Но сегодня, всё в большей и большей степени, новое поколение производных финансовых инструментов вообще не участвует в торговле на рынке. Эти так называемые внебиржевые производные являются соглашениями, заключёнными напрямую, в частном порядке между двумя сторонами. Кроме сторон, заключивших подобные соглашения, об этих инвестициях больше не знает никто, потому что они существуют вне бухгалтерского учёта, не указываются в отчётности и бухгалтерских балансах.

Поскольку рынок производных финансовых инструментов стал более сложным, он также увеличился в масштабах. Проще говоря, Дас (автор ведущего учебника по производным финансовым инструментам и сложным ценным бумагам) считает, что инвесторы во всём мире владеют производными инструментами на сумму больше чем 500 триллионов долларов. На данный момент, эта цифра превышает мировой ВВП, максимум которого составил около 60 триллионов долларов.

Практически нерегулируемые и почти невидимые, внебиржевые производные включают огромную сеть закладов, затрагивающих каждый сектор мировой экономики, и вовлекают в себя огромную денежную массу. Если они начнут колебаться — или если инвесторам потребуется начать продавать их, чтобы покрыть другие потери — их ценность может исчезнуть, что повлечёт катастрофические результаты для владельца и приведёт к непредсказуемым последствиям на финансовых рынках.

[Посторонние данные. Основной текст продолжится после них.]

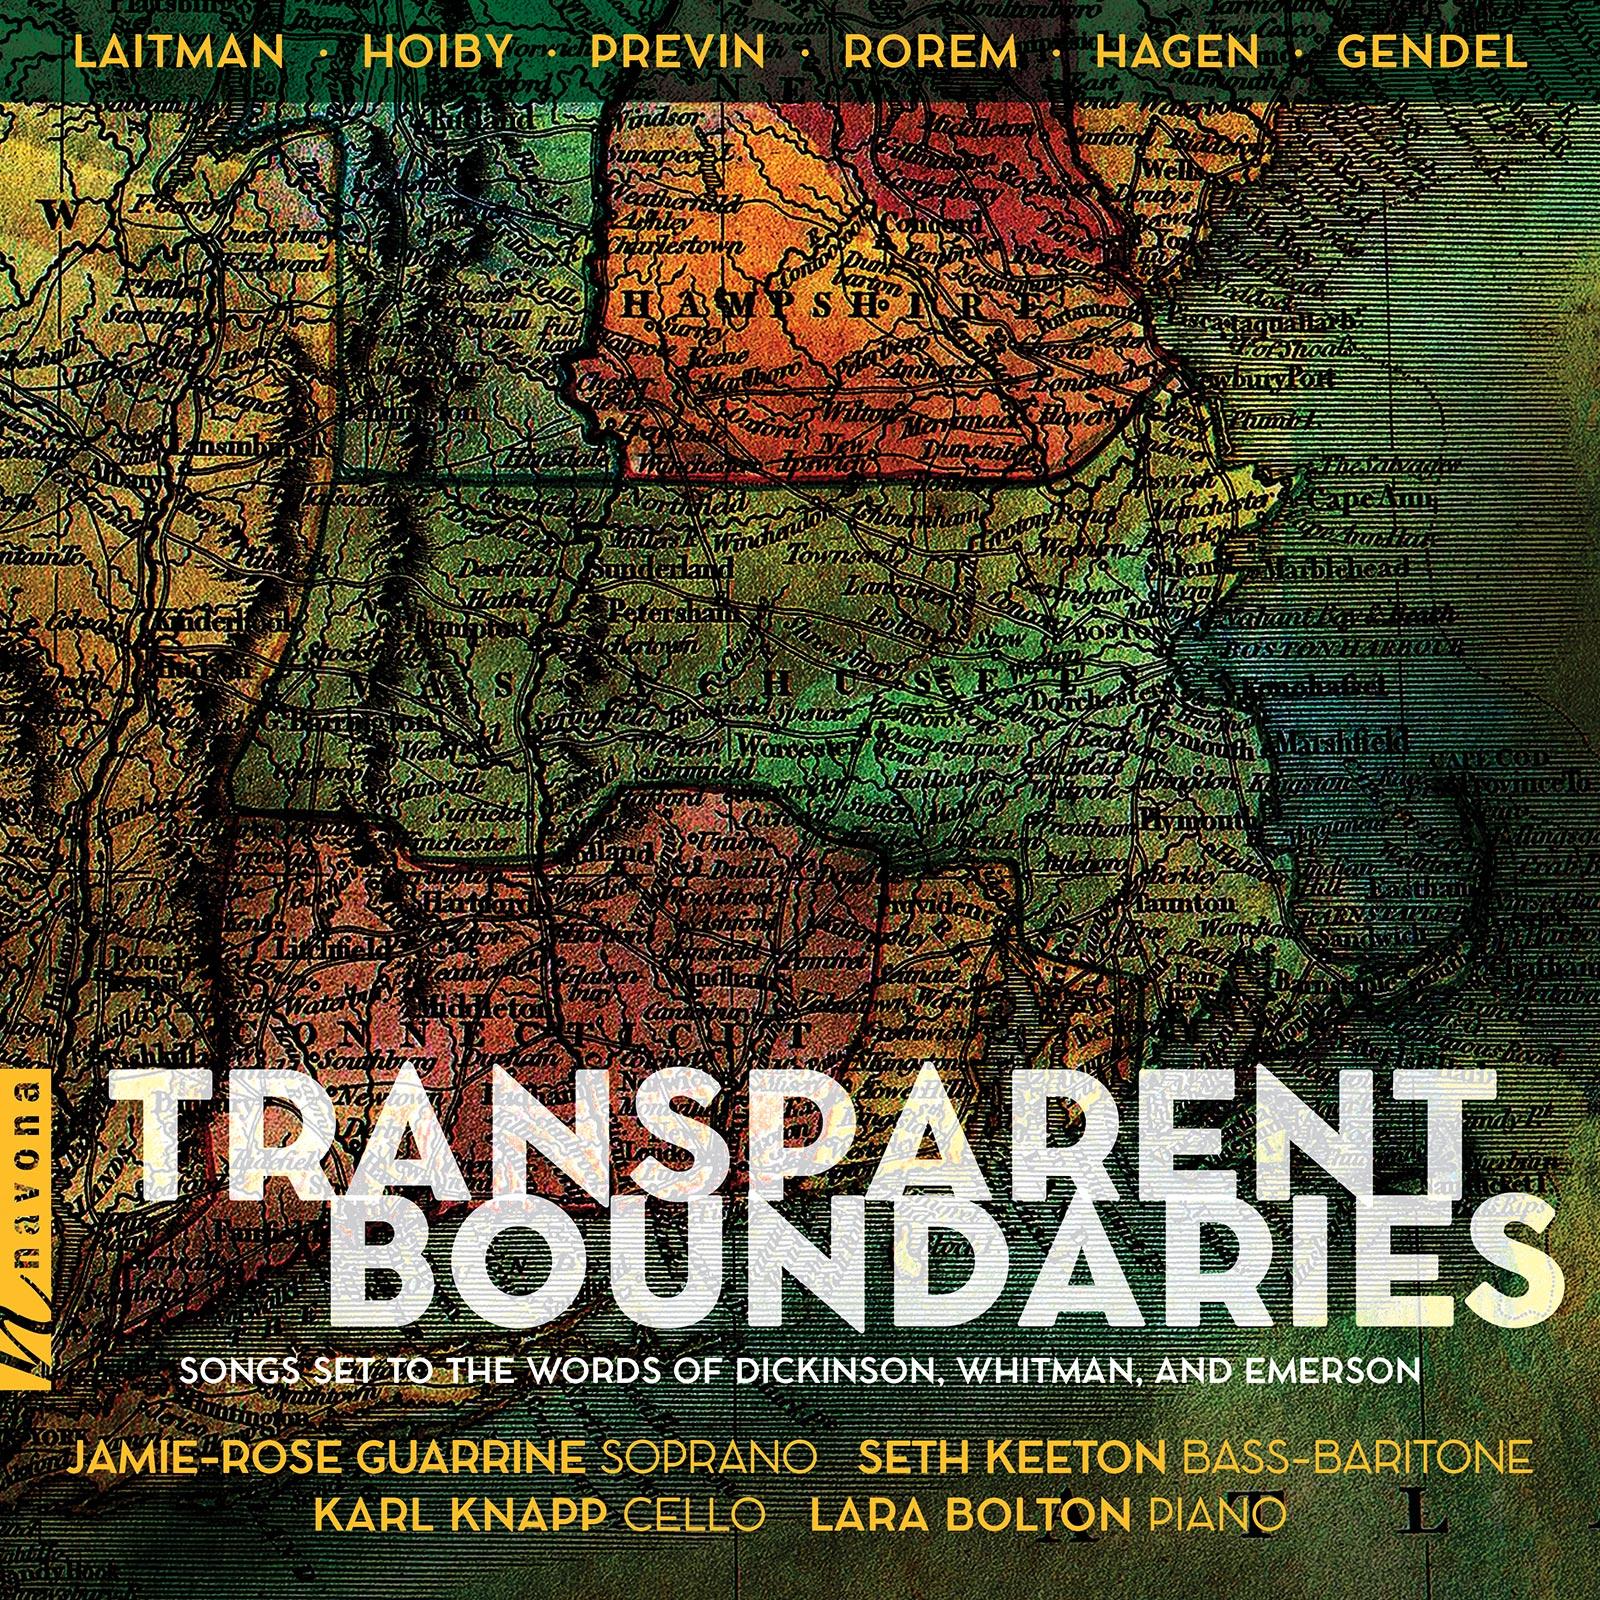 Transparent Boundaries

Производные финансовые инструменты могут колебаться из-за воздействия рынка и свести между собой игроков, которые иначе никогда бы не встретились. С некоторыми типами новых инвестиций, подобная интеграция имеет место в пределах самой ценной бумаги.

Например, некоторые финансовые инструменты построены из двух или более различных типов активов, соединяя сектора экономики, относительно которых не предполагается, что они могут двигаться в тандеме. Для передачи риска, а также для создания нового привлекательного продукта — чтобы продать его агрессивным инвесторам, ищущим более высокую прибыльность — банк может создать обеспеченные долговые обязательства, например, которые совмещали бы кредиты ненадёжным заёмщикам и корпоративные облигации. Экономист ожидал бы, что они будут работать независимо друг от друга, но благодаря большим — и невидимым — инвестициям в таком «связанном пакете», проблемы для одного сектора могут вызвать проблемы в другом. Одно гнилое яблоко может испортить целый грузовик фруктов.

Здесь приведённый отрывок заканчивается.